[Xapian-discuss] The position list table and index size (compared to Lucene)

Mon Nov 9 12:41:19 GMT 2009

Olly Betts wrote:
> On Fri, Nov 06, 2009 at 05:38:44PM +0100, Paul Boddie wrote:
>   
>> One issue which arose from a migration from Lucene to Xapian was the
>> approximately four-fold increase in index size when moving to Xapian;
>>     
>
> Four-fold sounds extreme - are you sure you are comparing like with like?
>
> For example, indexing your data in the same way with the two systems, storing
> the same literal data in each, and comparing optimised/compacted sizes or
> unoptimised/uncompacted sizes, not one of each.
>   

I'm fairly sure that it's a like-for-like comparison for both aggressive 
tokenisation (lots of tokens) and more conventional tokenisation. I 
always optimise/compact each index I create because this has shown a 
substantial effect on search performance, especially with Lucene. The 
typical index size is around 390M for Xapian, but only around 100M for 
Lucene. (I describe the internal table sizes below.)

The "pathological" aspect of the indexes I've created is that few tokens 
are discarded, which obviously bloats each index and is likely to 
produce lots of position data. I know that this is a "bad thing" where 
text indexing solutions are concerned, but the domain I'm working in 
doesn't easily permit me to discard tokens which look like junk. 
(Actually, there are approaches which involve identifying regions of 
"interesting" text using machine learning approaches, just indexing 
those regions, and then throwing everything else away, but we have 
chosen not to follow that approach.)

>> this appears to be a product of the term position information, and I
>> have also seen similar reports of index "growth" mentioned in the
>> mailing list archives. For example:
>>
>> http://lists.tartarus.org/pipermail/xapian-discuss/2009-April/006626.html
>> (There are probably better examples than this, but I can't locate more
>> relevant documents at the moment.)
>>
>> Are there any simple explanations for the large differences in index and
>> position list table size?
>>     
>
> Well, the article you just linked to discusses one big factor - the termlist
> table.  It seems silly to repeat myself - just read what I wrote before - but
> to update what's said there a little, this is now optional in trunk, though
> "imperfect" deletion isn't yet supported.
>
> As it also mentions, the chert backend in 1.1.x is more compact than the flint
> backend which is the default in 1.0.x.
>   

I did try the 1.1.x branch a few weeks ago, but the savings appeared to 
be negligible for my particular case. As for the term list table, the 
possibility of deleting it would be applicable for the indexes I create 
since they are never updated - new versions of documents are 
stored/indexed in new, separate index versions - but I'm not too sure 
that this would dramatically decrease the overall index sizes, however, 
since in the typical case the termlist.DB file is around 50M, whereas 
the position.DB file is around 230M. (The postlist.DB file is around 
50M, the record.DB file is around 3M, and the value.DB file is around 40M.)
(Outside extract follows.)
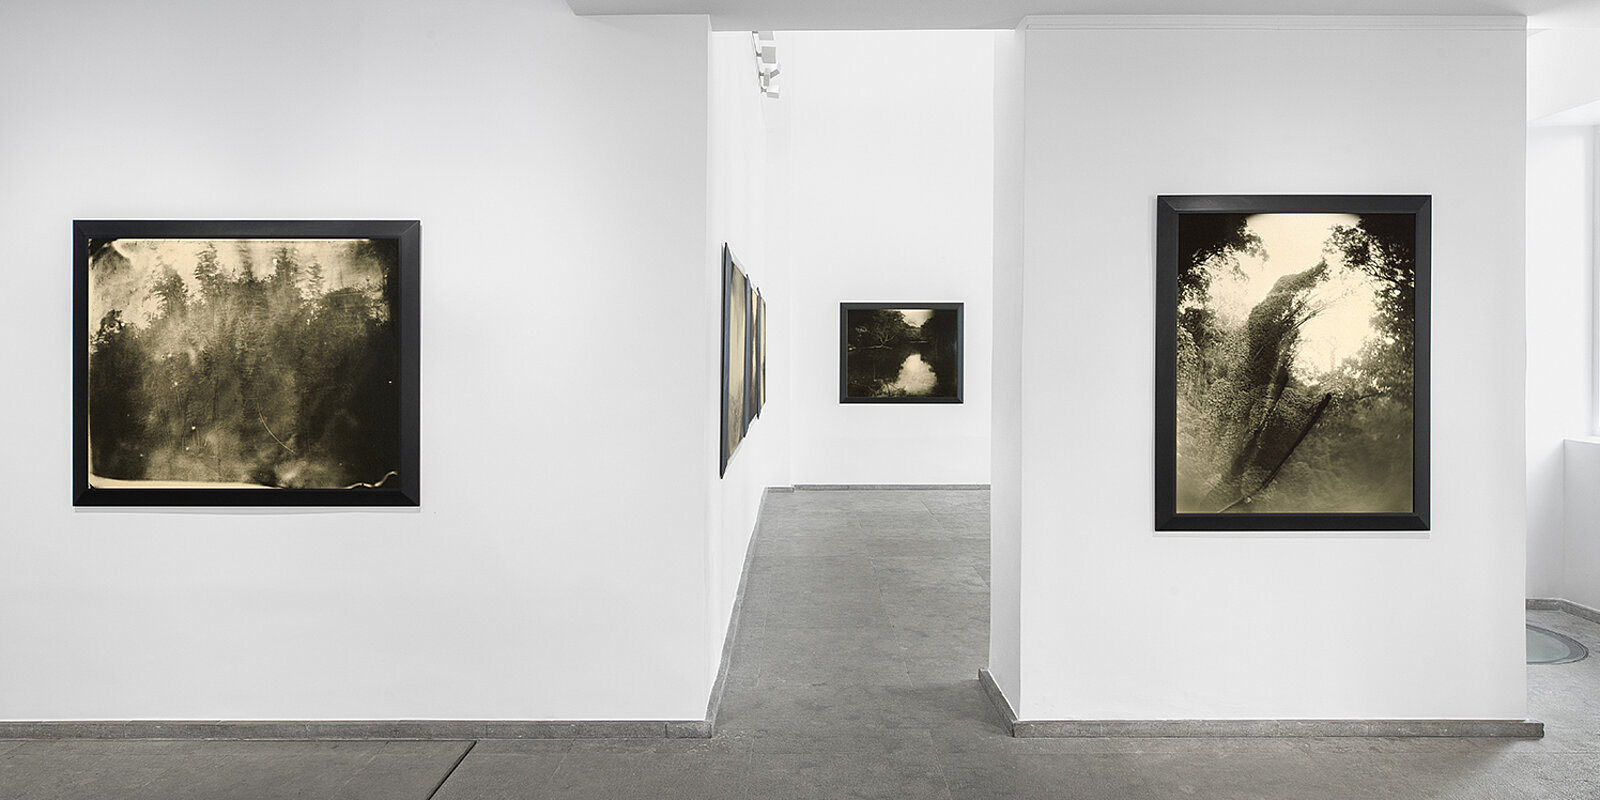 Vue d'installation, Sally Mann, Galerie Karsten Greve Paris, 2021. Photo: Nicolas Brasseur

>> I notice that the documentation, specifically
>> this Wiki page...
>>
>> http://trac.xapian.org/wiki/FlintPositionListTable
>>
>> ...mentions "tname" in the "key format", which I presume means "term
>> name"
>>     
>
> Yes, "tname" is "term name".
>
>   
>> in a B-tree I imagine that even storing the term name for each key would
>> still only result in the overhead in doing so being proportional to the
>> document frequency of each term
>>     
>
> It should be roughly proportional to the number of documents each term appears
> in.  The most common words in most languages tend to be the shortest, but it
> would probably save a significant amount of space to have a lexicon which
> mapped the term name to a unique integer which could be used in the keys to the
> position table, and in a few other places.  I've not yet tried this though.
>   

I imagine that Xapian's index structure really is quite different from 
Lucene's, then, since Lucene seems to use a fairly flat index structure 
and manages to employ term name compression by encoding the length of 
the common prefix from one term to the next.
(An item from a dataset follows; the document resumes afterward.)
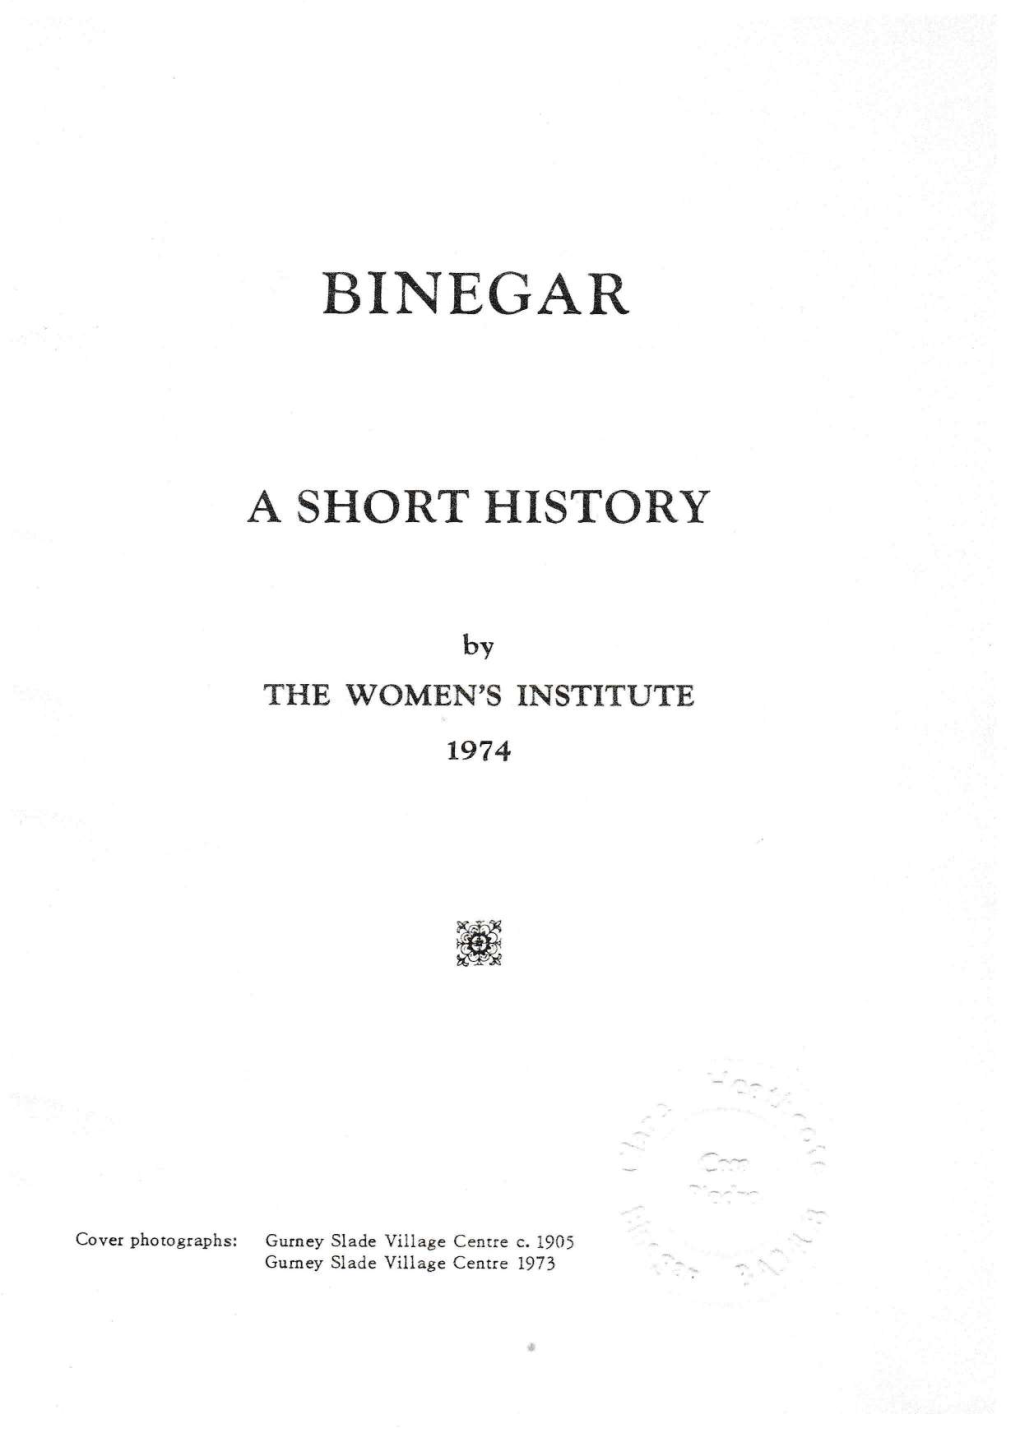 A Short History – Binegar Women's Institute, 1974

> If you measure how much of the position table is actually the positional data
> the percentage is surprisingly low.  I got 14% for gmane, though that will
> certainly vary, but something like 86% is a mixture of keys, Btree structure,
> and unused space.  We can't eliminate all of that (we do need to somehow store
> what each stream of positional data is for), but it shouldn't be hard to
> make a dramatic difference here.  This is something I'm likely to be working
> on later this month.
>   

But how much positional data does GMane index now? My problem may well 
be related to the excess of positional data which most people would try 
and eliminate simply by reducing the number of indexed tokens. I'm 
prepared to accept this explanation, but it still leaves that awkward 
issue of how Lucene manages to handle similar volumes of positional data.
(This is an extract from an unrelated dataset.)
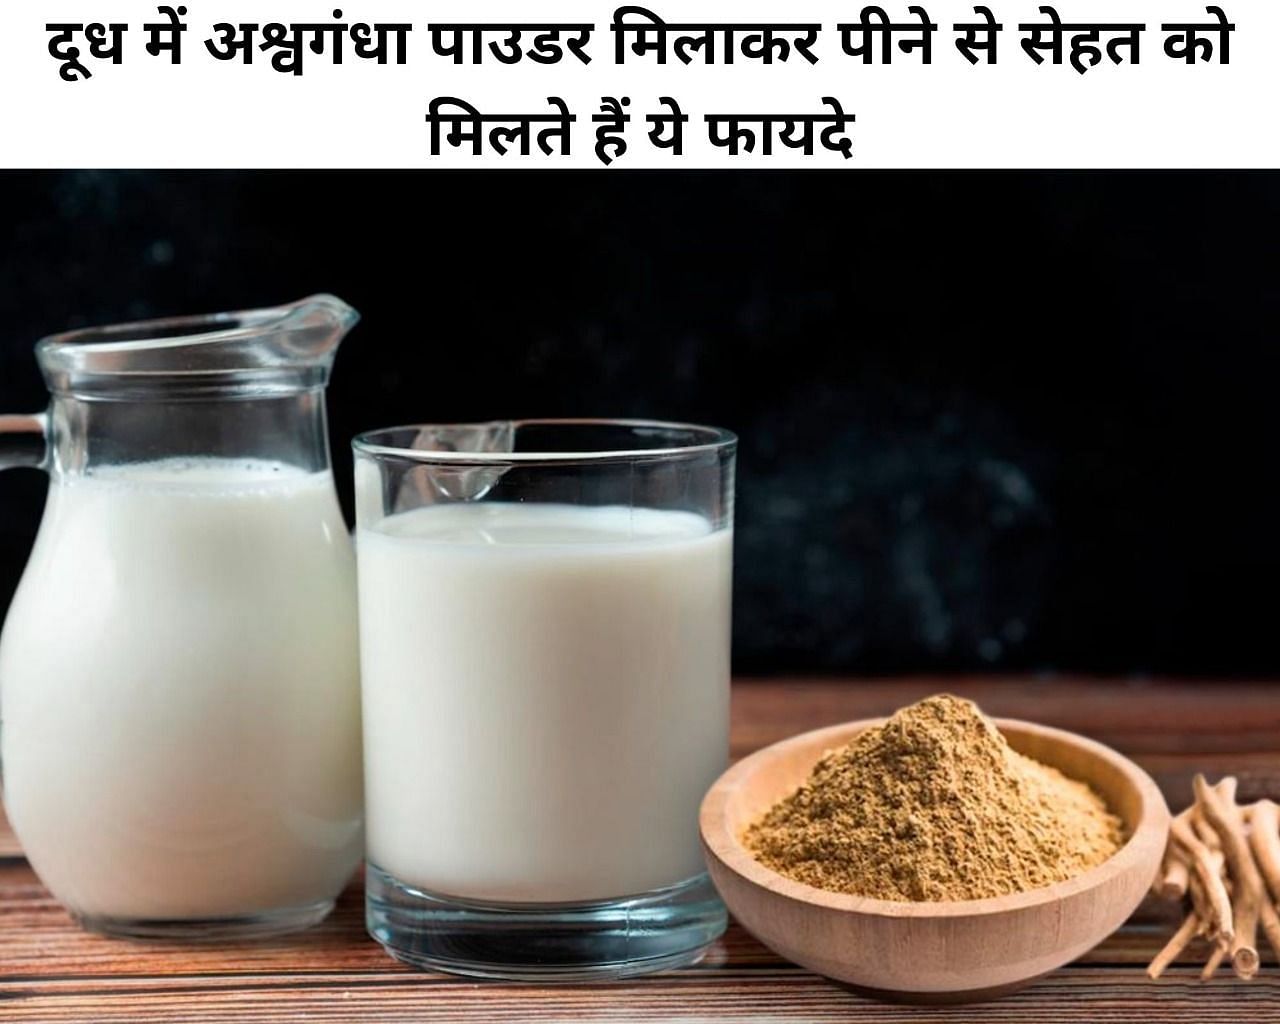 दूध में अश्वगंधा पाउडर मिलाकर पीने से सेहत को मिलते हैं ये फायदे (फोटो - sportskeeda hindi)

>> Is there anything I can configure or change to affect the index size in
>> Xapian, or is there anything I should be more aware of?
>>     
>
> Using 1.1.x and chert (set XAPIAN_PREFER_CHERT=1 in the environment until we
> make it the default) if you aren't scared of potentially having to rebuild
> your application and index when you upgrade to a new release.
>   

I'm not scared of rebuilding the index from time to time, although it 
does require a while. That's what nights and weekends are for. :-)

> If you don't need to be able to delete or replace documents, then with trunk
> (and 1.1.3 once we release it) you can "rm termlist*" in the database directory
> after you create it and you'll have a termlist-less database (this is rather
> new, and will gain an API flag once it's had any kinks knocked out).
>   

This would be very interesting for my use-case, I think, and sounds like 
the kind of configuration setting I was thinking of.

Thank you for the guidance and advice so far!

Paul